Supplied entries >>
<<<<
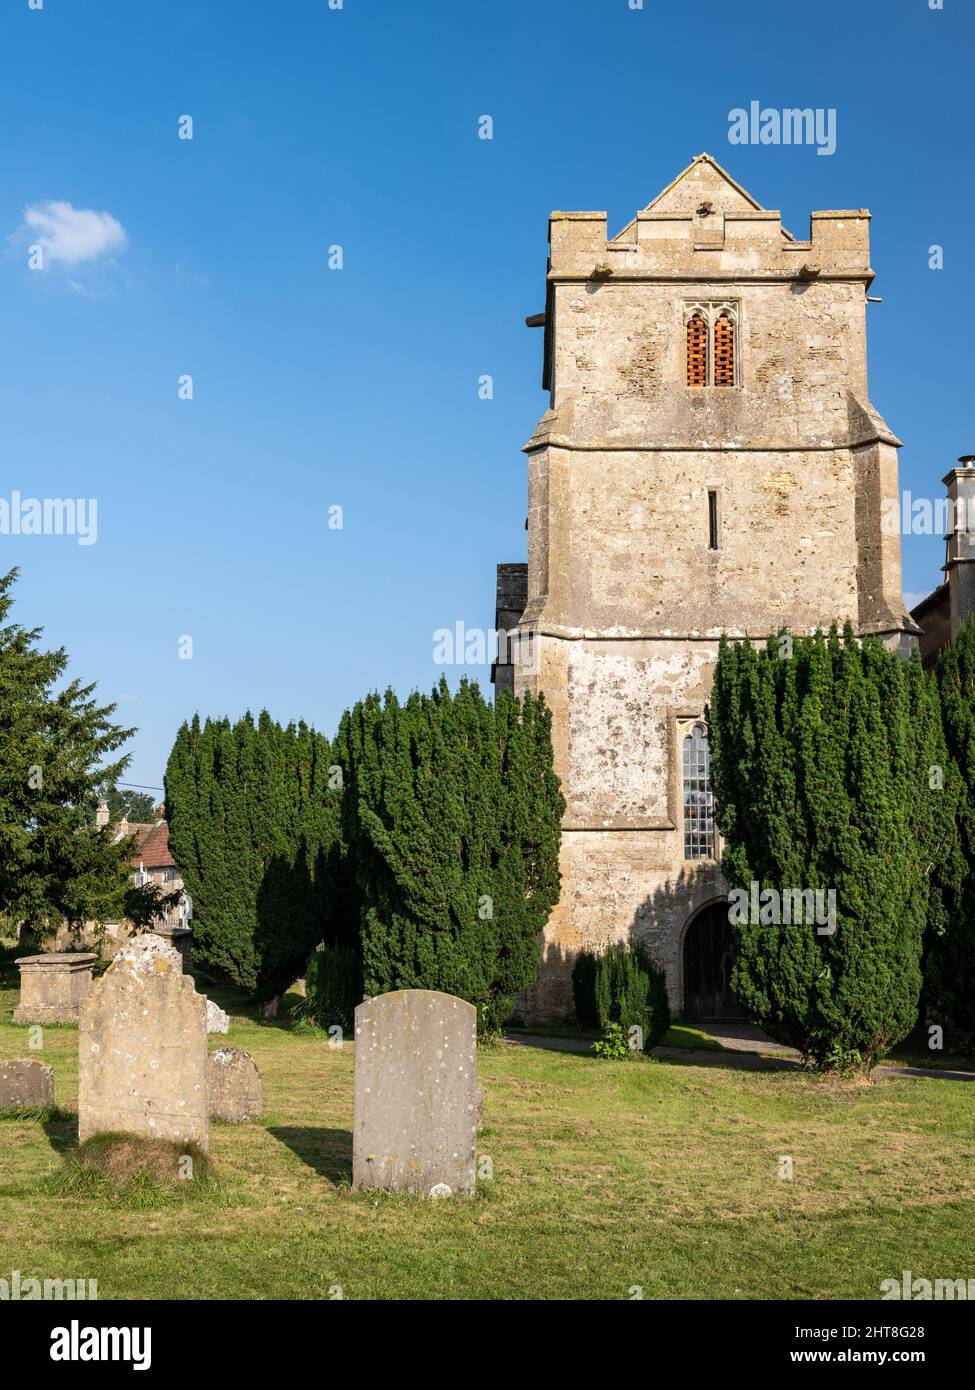 Sun shines on the traditional parish church of St Michael and All Angels in Atworth, Wiltshire. Stock Photo
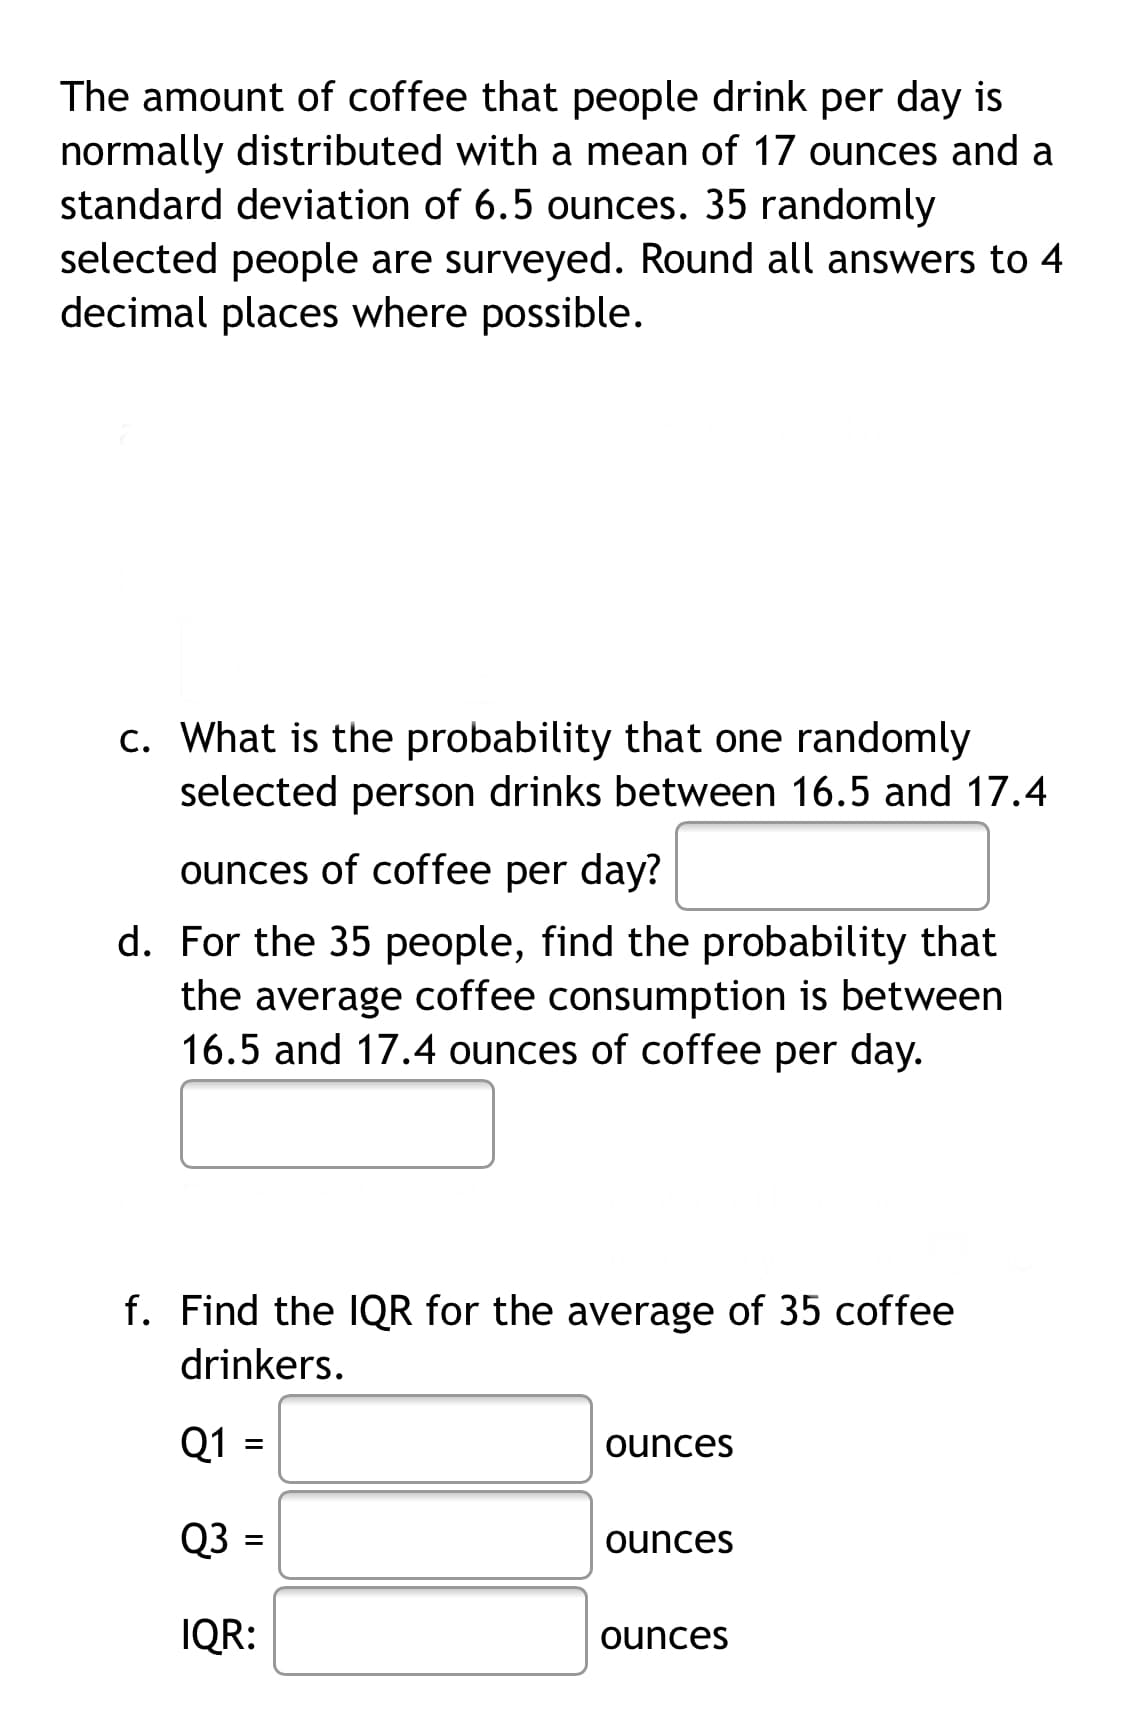 The amount of coffee that people drink per day is
normally distributed with a mean of 17 ounces and a
standard deviation of 6.5 ounces. 35 randomly
selected people are surveyed. Round all answers to 4
decimal places where possible.
c. What is the probability that one randomly
selected person drinks between 16.5 and 17.4
ounces of coffee per day?
d. For the 35 people, find the probability that
the average coffee consumption is between
16.5 and 17.4 ounces of coffee per day.
f. Find the 1QR for the average of 35 coffee
drinkers.
Q1
ounces
Q3
ounces
IQR:
ounces
II
>>>>
Before you finish, make sure every line above has been repeated exactly and no picture remains in the copy.

Task answer >>
 Sun shines on the traditional parish church of St Michael and All Angels in Atworth, Wiltshire. Stock Photo
 The amount of coffee that people drink per day is
normally distributed with a mean of 17 ounces and a
standard deviation of 6.5 ounces. 35 randomly
selected people are surveyed. Round all answers to 4
decimal places where possible.
c. What is the probability that one randomly
selected person drinks between 16.5 and 17.4
ounces of coffee per day?
d. For the 35 people, find the probability that
the average coffee consumption is between
16.5 and 17.4 ounces of coffee per day.
f. Find the 1QR for the average of 35 coffee
drinkers.
Q1
ounces
Q3
ounces
IQR:
ounces
II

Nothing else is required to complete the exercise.